26th Premier of Prince Edward Island
- In office November 17, 1981 – May 2, 1986
- Monarch: Elizabeth II
- Lieutenant Governor: Joseph Aubin Doiron Lloyd MacPhail
- Preceded by: Angus MacLean
- Succeeded by: Joe Ghiz

Leader of the Progressive Conservative Party of Prince Edward Island
- In office November 7, 1981 – November 13, 1987
- Preceded by: Angus MacLean
- Succeeded by: Leone Bagnall (interim)

MLA (Assemblyman) for 5th Queens
- In office February 17, 1975 – April 21, 1986
- Preceded by: Gordon L. Bennett
- Succeeded by: Wayne Cheverie

Personal details
- Born: James Matthew Lee March 29, 1937 Charlottetown, Prince Edward Island, Canada
- Died: October 10, 2023 (aged 86) Charlottetown, Prince Edward Island, Canada
- Party: Progressive Conservative
- Spouse: Patricia Laurie ​(m. 1960)​
- Children: 3
- Alma mater: Saint Dunstan's University
- Occupation: Real estate broker, tourist operator, and businessperson
- Profession: Politician
- Cabinet: Minister of Tourism, Parks and Conservation (1979–1980) Minister of Health and Social Services (1980–1981)

= James Lee (Canadian politician) =

Canadian politician (1937–2023)

James Matthew Lee (March 29, 1937 – October 10, 2023) was a Canadian politician who was the 26th premier of Prince Edward Island from 1981 to 1986. He was the leader of the PEI Progressive Conservative Party from 1981 to 1987.
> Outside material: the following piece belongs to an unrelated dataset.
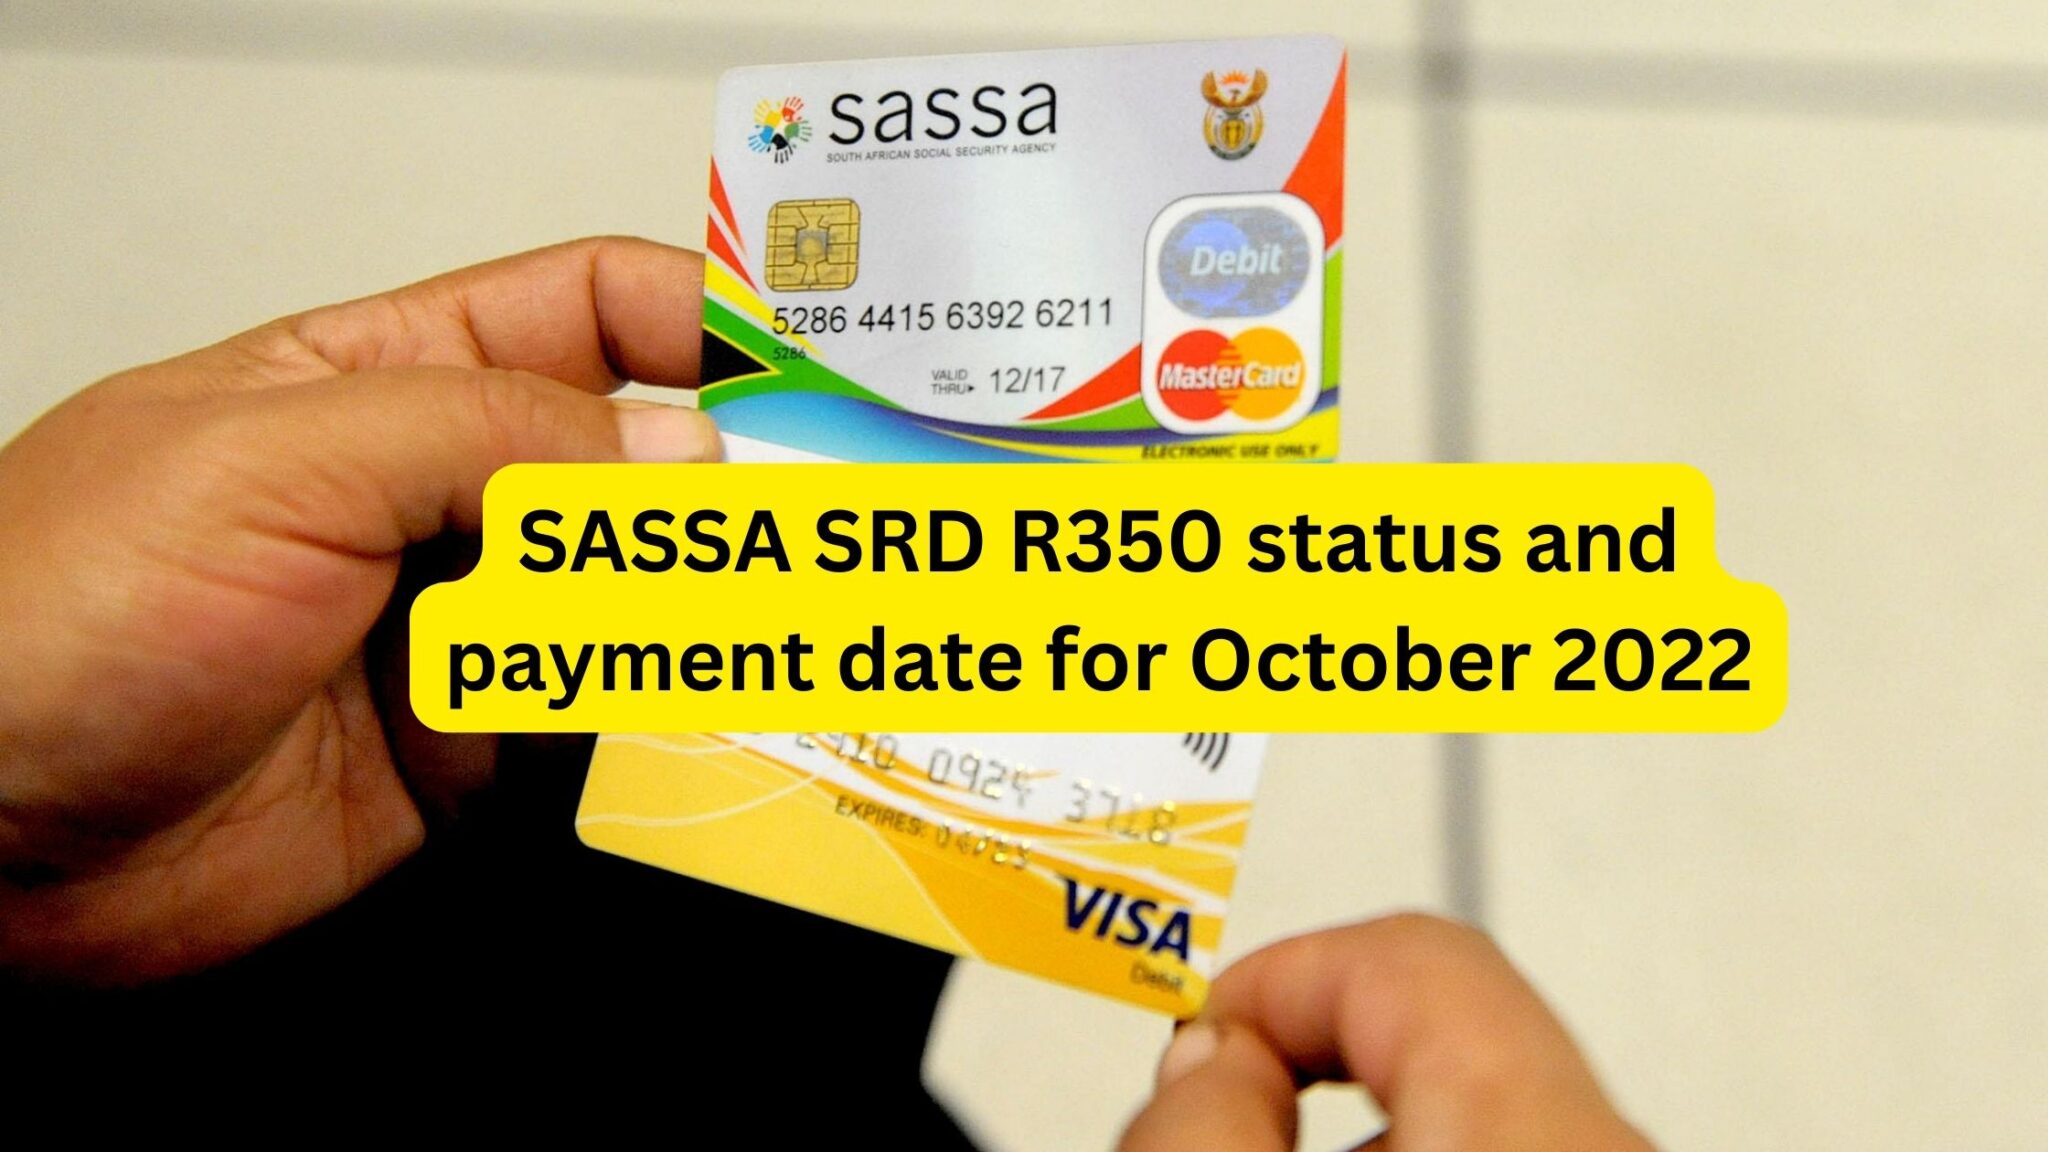 SASSA SRD R350 status and payment date for October 2022 SASSA NEWS
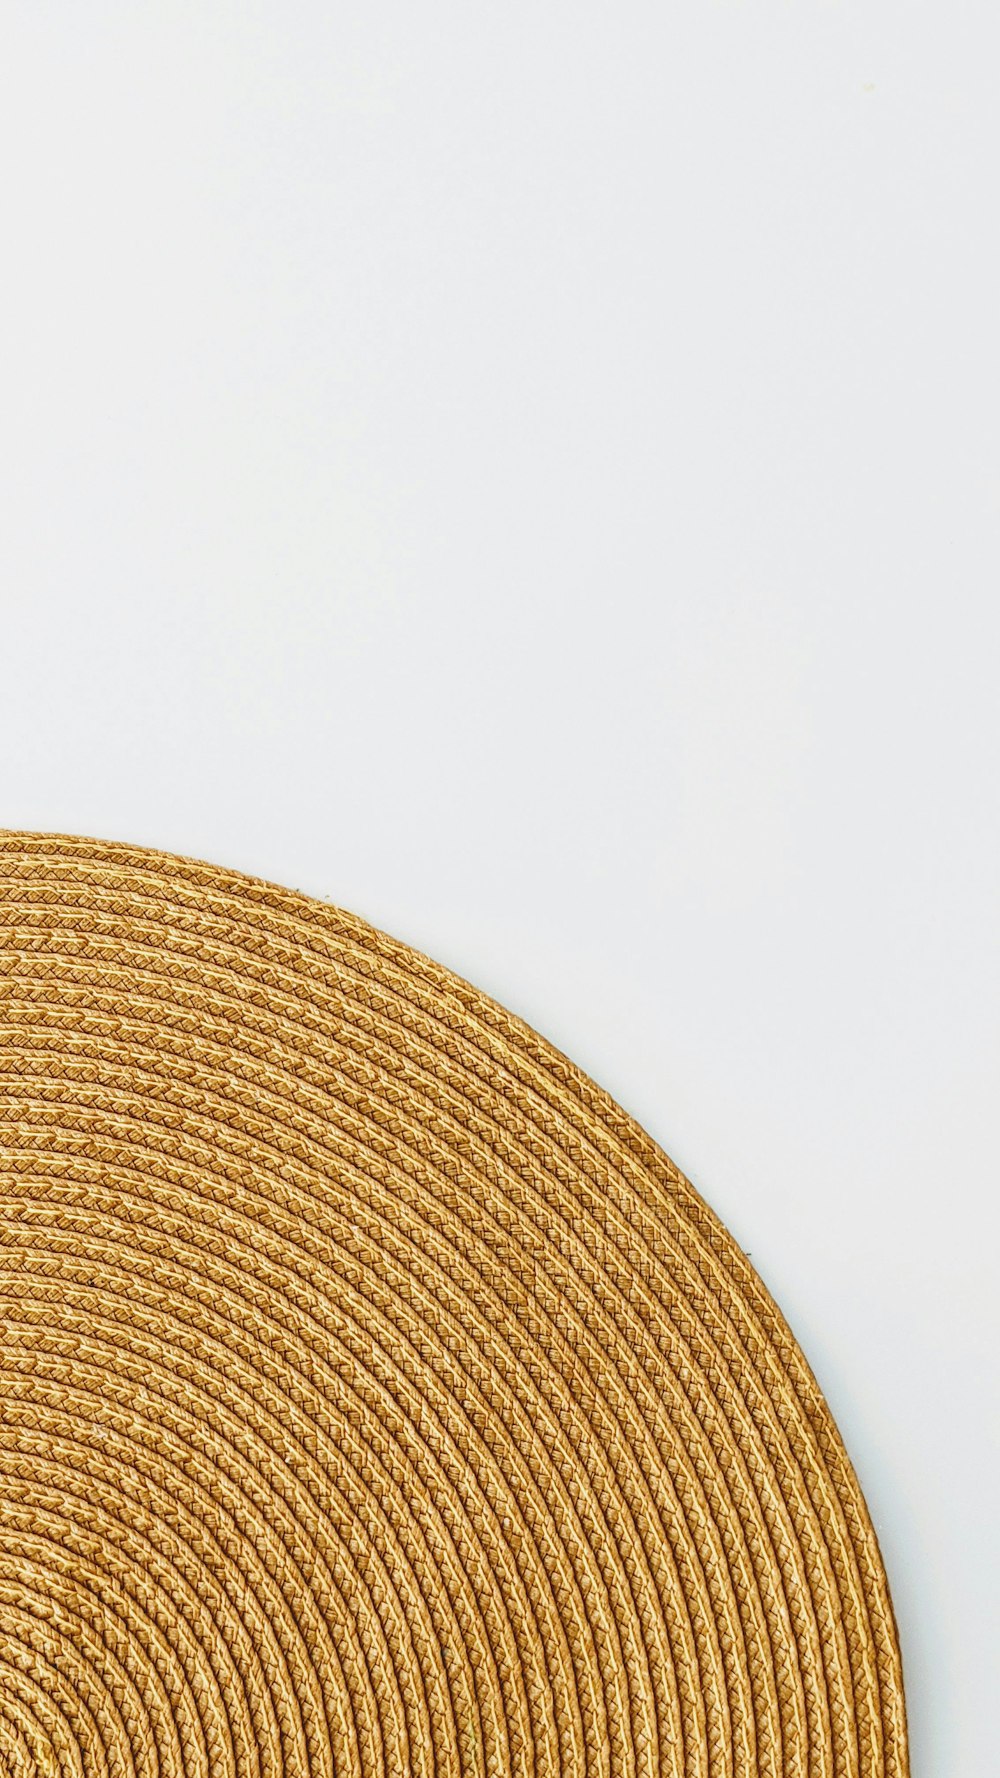 brown round textile on white surface

==Early life and education==
Born in Charlottetown, Prince Edward Island on March 29, 1937, the son of James Matthew Lee and Catherine Blanchard. Lee was educated at Saint Dunstan's University.

==Island MLA==
After a successful career in real estate and development, Lee ran in 1974 as a Progressive Conservative but failed to win a seat in the provincial legislature. Lee was elected to the PEI Legislature one year later after winning a by-election in 1975. Lee was re-elected in 1978, 1979 and 1982. Lee ran for the leadership of the Progressive Conservative Party of PEI in 1976 and narrowly lost to future premier J. Angus MacLean. When MacLean was elected Premier in 1979, Lee served in the provincial cabinet as Minister of Social Services and Minister of Tourism, Parks and Conservation from 1979 to 1980 and as Minister of Health and Social Services from 1980 to 1981.

==Premier==
In 1981 Premier Angus MacLean resigned as PC leader and James M. Lee won the PC leadership convention held to choose MacLean's successor, thus becoming the 26th Premier of Prince Edward Island. Lee led his party to re-election in 1982. In April 1982, he was sworn into the Privy Council of Canada by Her Majesty Queen Elizabeth II.

A major accomplishment by the Lee government was the successful negotiation with the federal government to obtain the establishment of a school of veterinary medicine at the University of Prince Edward Island. Lee's government was defeated in the 1986 election which also cost him his seat in the legislature to Wayne Cheverie.

==Life after politics==
Lee was appointed to be a commissioner on the Canadian Pension Commission and in 1998 became chairman of the PEI Workers' Compensation Board.

==Personal life and death==
Lee married Patricia Laurie in 1960. He died on October 10, 2023, at the age of 86.